Let's face it ... death stings. When Paul cries in I Corinthians, "oh, death, where is your sting?" I'm yelling back, "it's here! it's here!'. Ok, so I know Paul's point was the eternal sting of death was over as we face the glorious hope of Heaven with Jesus, but still...even Jesus identified with us in our grief as He wept over Lazarus' dead body.
I remember them as they wheeled the cart around the corner and my Kokomo Jo was gone. I didn't know if she would live another day. The doctor sat on my beside and held my hand. She was born at Christmas, so my doctor whispered, "ponder these moments in your heart, as Mary did".
His point? Trust that the Lord has a plan we cannot fathom or understand. I cannot fathom seeing my daughter's vivid blue eyes, earnest and needing for her mommy, fade as I pass into Jesus' arms. She needs me. She needs her mommy. God. How could I ever bid her farewell?
Yet one thing is certain ... and I learned it that night when she slipped from my grasp... my daughter is not my own. She never was. She is a gift. Our time together is a gift. The responsibility of being her mommy is a wonderful, precious gift. I will not have too short of time, nor will I have too long of time. I will have the perfect time. And we will both be entrusted into the care of our Father. Never separated in heart or spirit ... but perhaps one day just by the distance of time.

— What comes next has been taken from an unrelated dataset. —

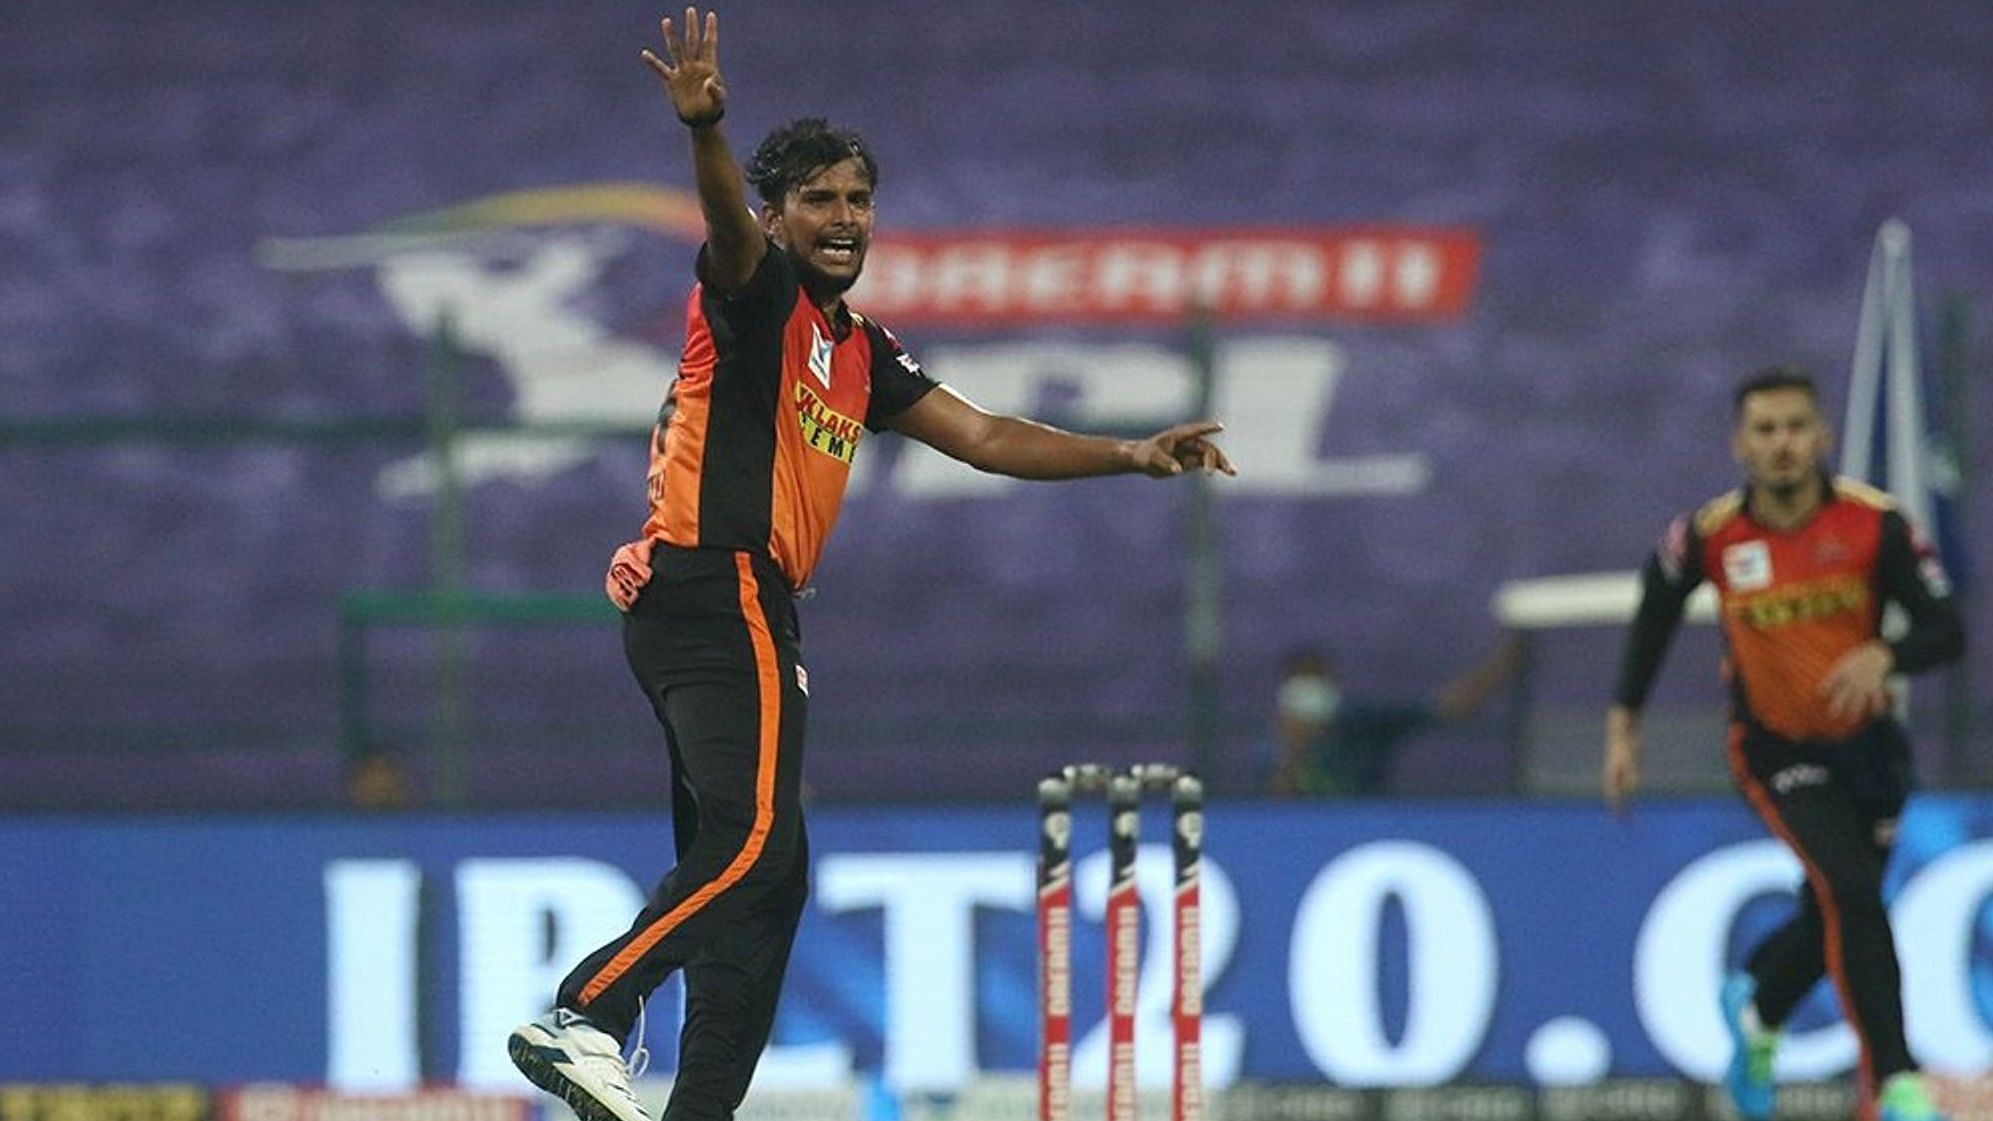 Tamil Nadu’s T Natarajan has impressed one and all, in the 3 games he has played for Sunrisers Hyderabad in IPL 2020

So I don't live in fear, or dread, but I do find myself relishing the preciousness that is holding her tonight and giggling over pretend spiders that lift couches off of floors, or having a hot chocolate party in her bedroom, or eating chips in bed with the lights out.
Relish your time. It is a gift. Shoo away the crabby and cranky ... Stephen King may show the finality of death, but he also captured the beauty of relationships forged in love and devotion...and that, never goes away and continues into eternity.